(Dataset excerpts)
━━━━━━━━━━
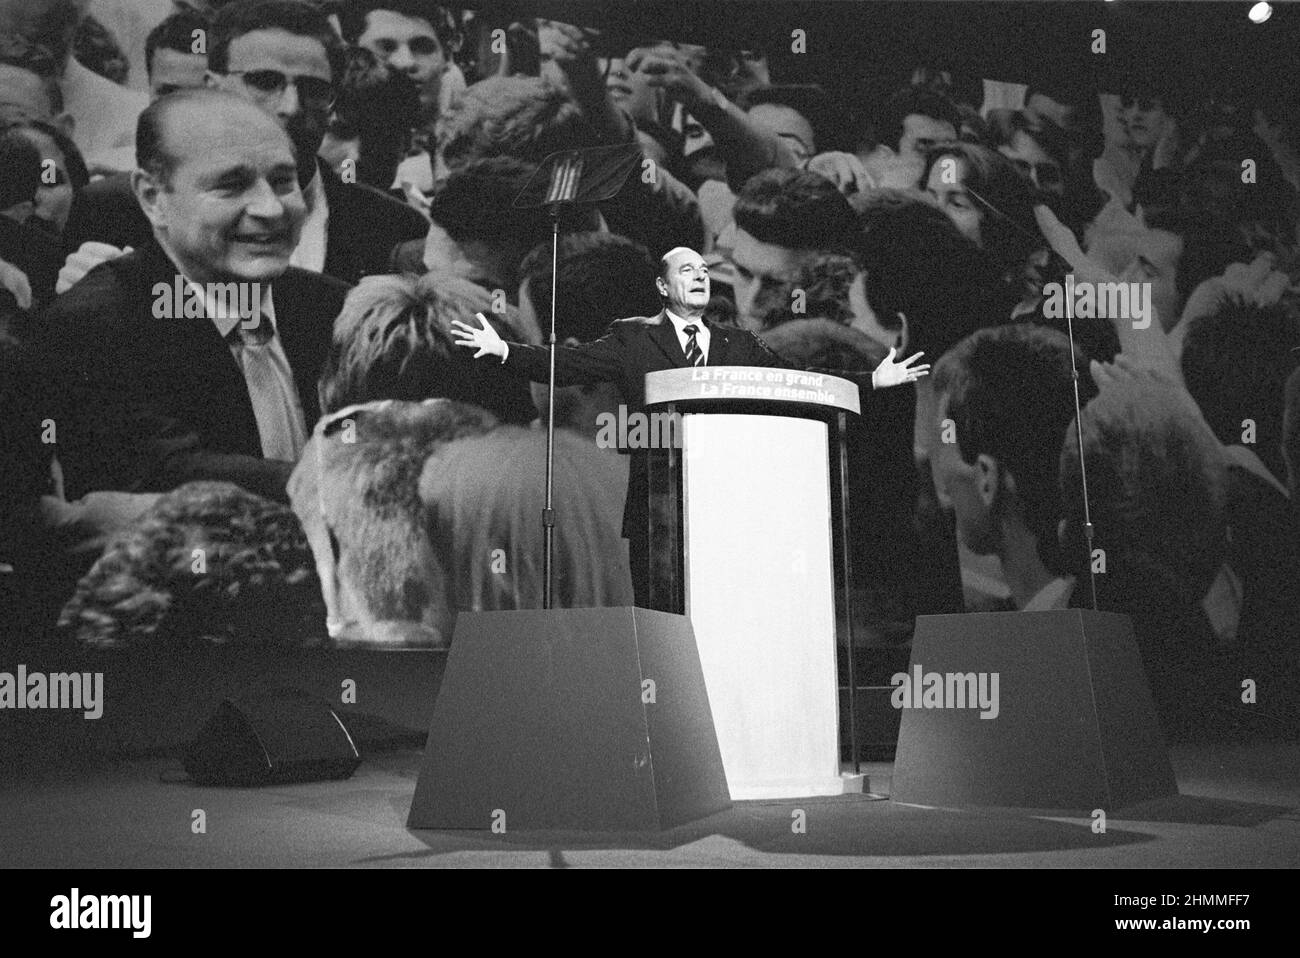 Lyon (central-eastern France), 2002/04/25: meeting of Jacques Chirac, candidate for the presidential election, in front of 7000 people. Huge picture in the background and speech from the rostrum 'La France en grand, la France ensemble' Stock Photo
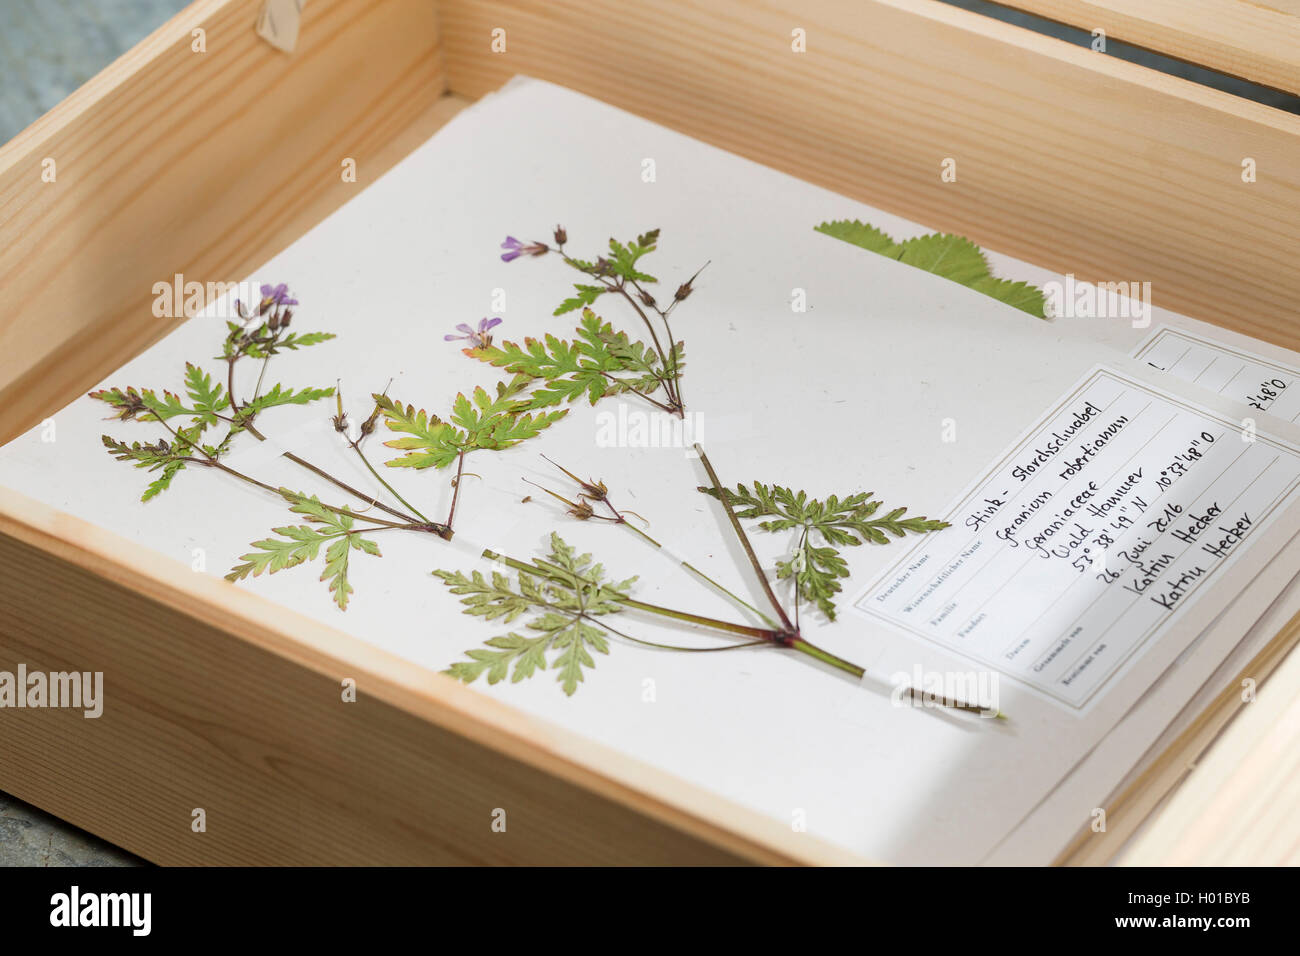 Herb Robert, Red Robin, Death come quickly, Robert Geranium (Geranium robertianum, Robertiella robertiana), ready herbarium sheet in a box, Germany Stock Photo
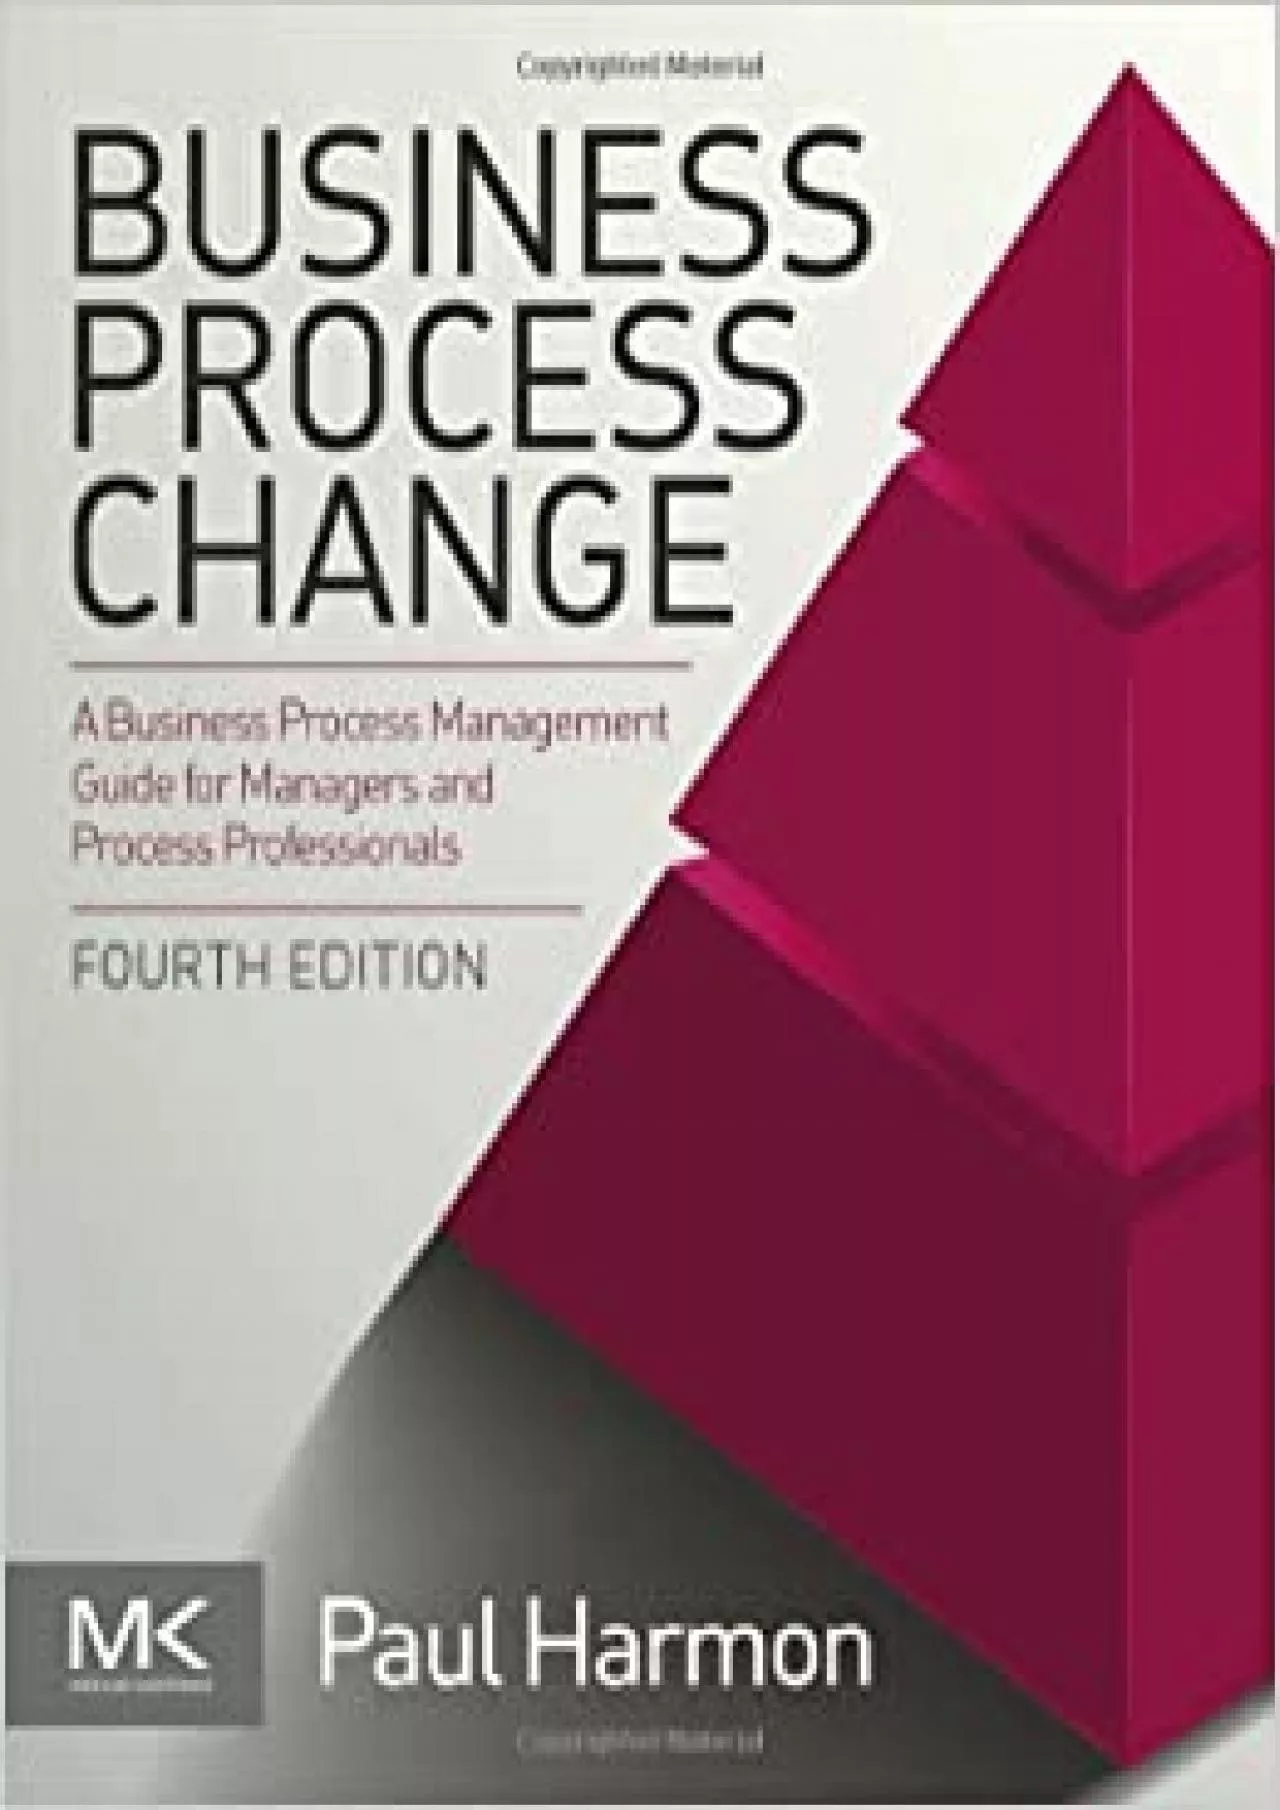 Business Process Change: A Business Process Management Guide for Managers and Process
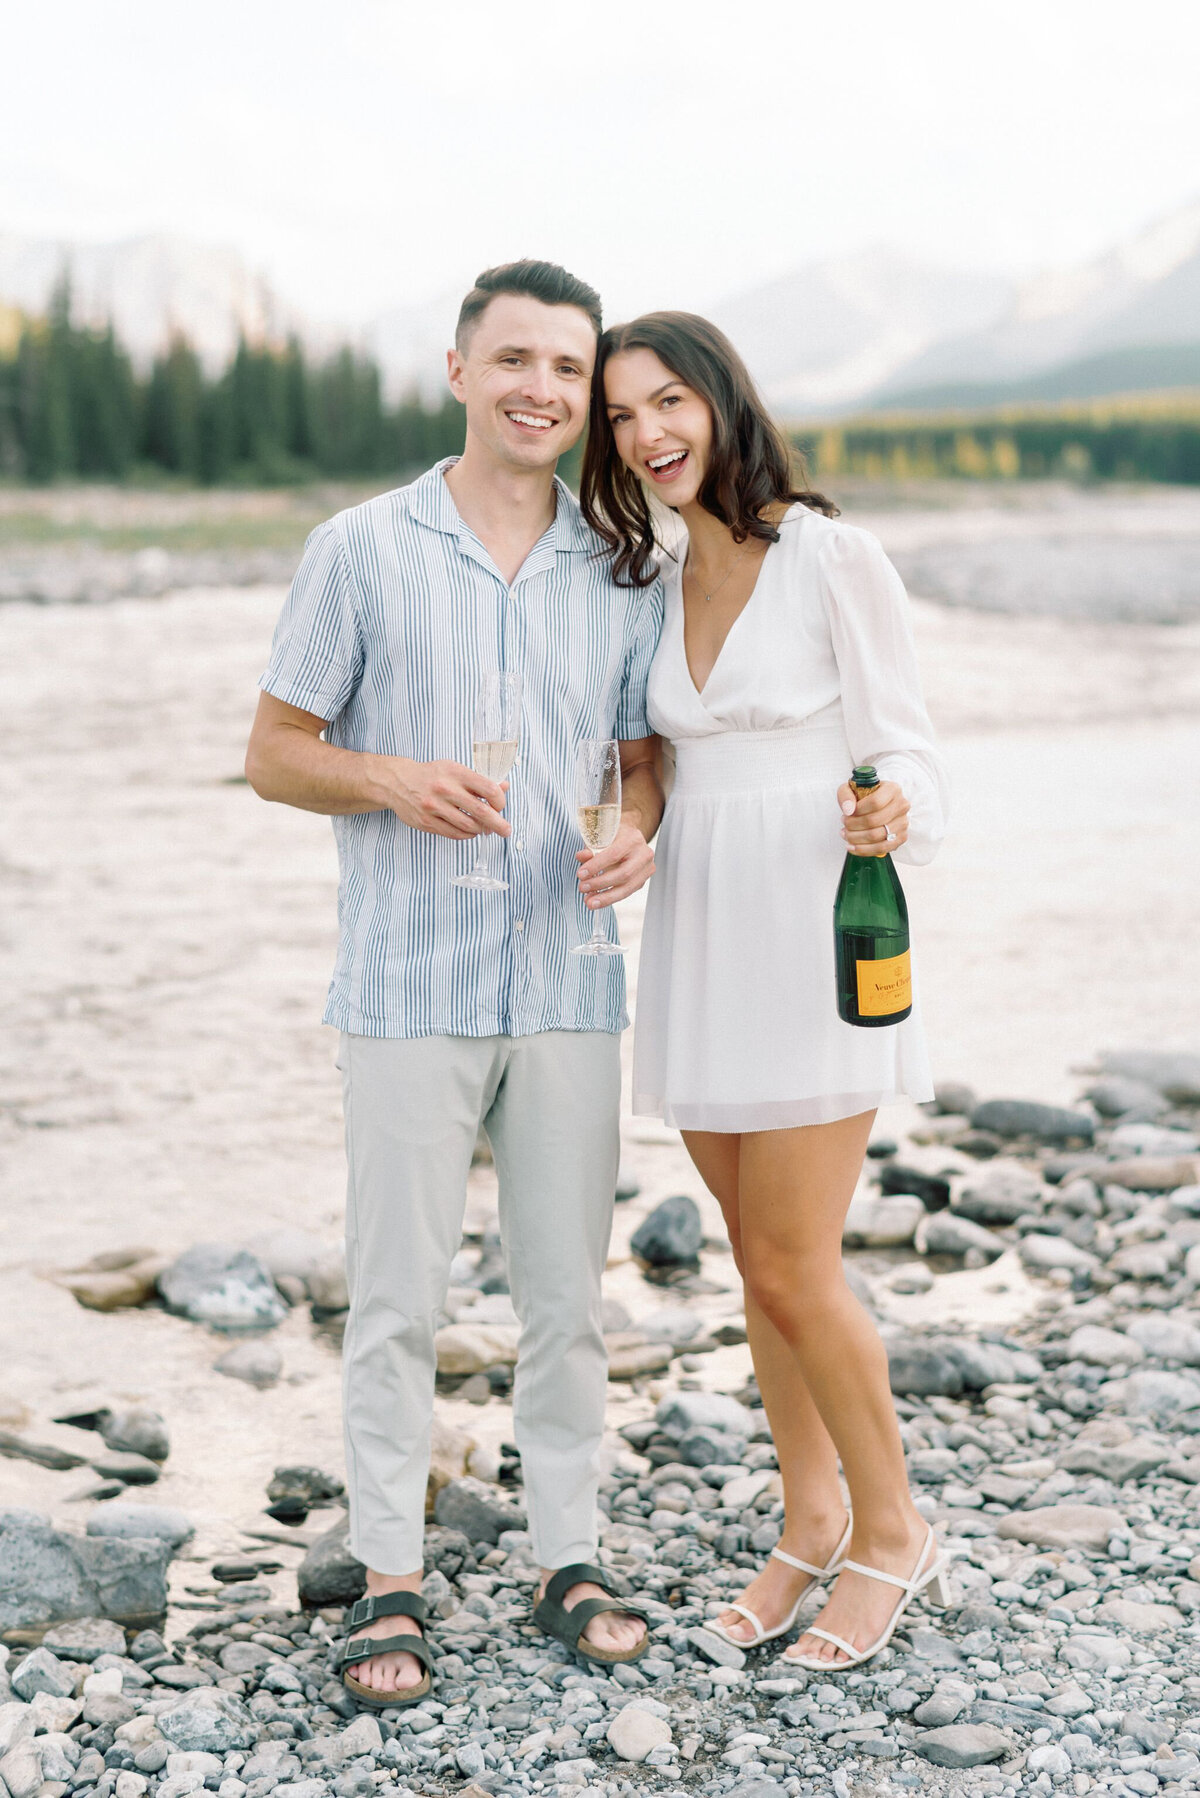 Engaged couple captured by Kaity Body Photography, elegant film inspired wedding photographer in Calgary, Alberta. Featured on the Bronte Bride Vendor Guide.
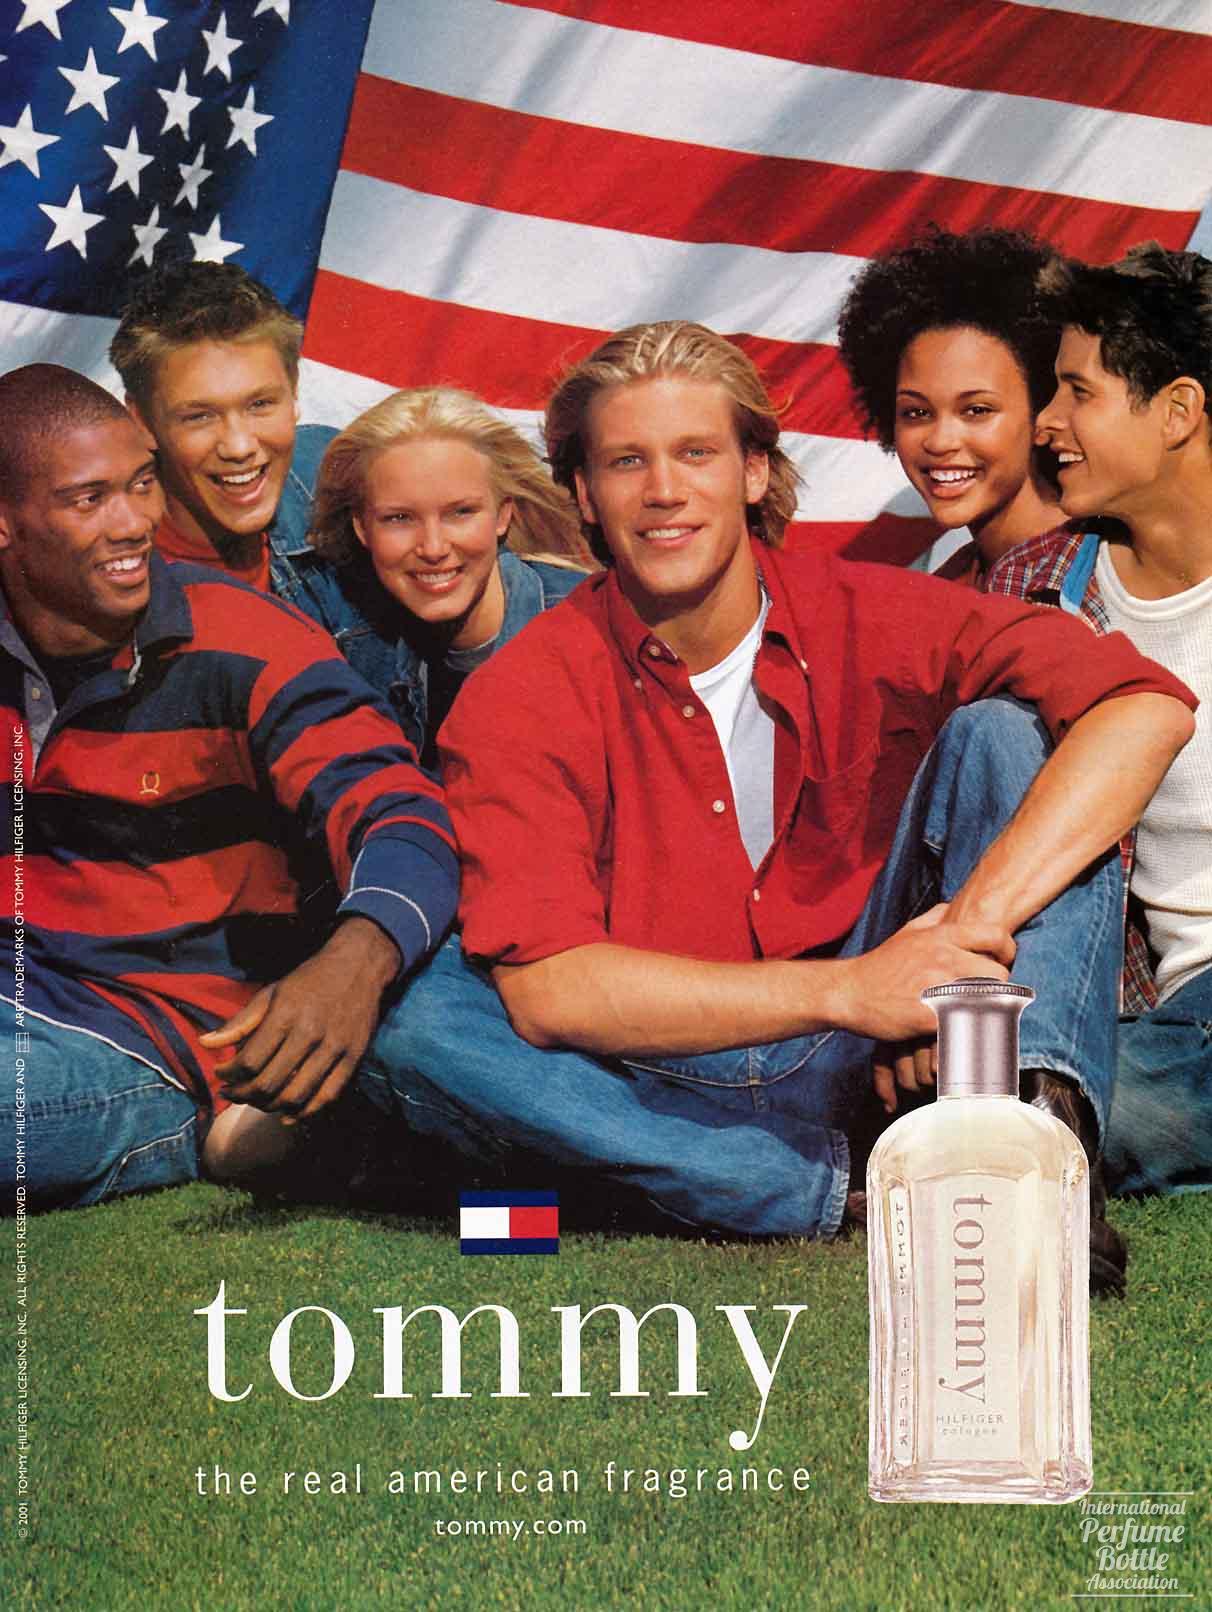 "Tommy" by Tommy Hilfiger Advertisement - 2002
━━━━━━━━━━
TASK DESCRIPTION. Copy out only the lines from the one containing "Engaged couple captured" to the end of the entries, unchanged. Drop the pictures.

REPLY TO THE EXERCISE.
 Engaged couple captured by Kaity Body Photography, elegant film inspired wedding photographer in Calgary, Alberta. Featured on the Bronte Bride Vendor Guide.
 "Tommy" by Tommy Hilfiger Advertisement - 2002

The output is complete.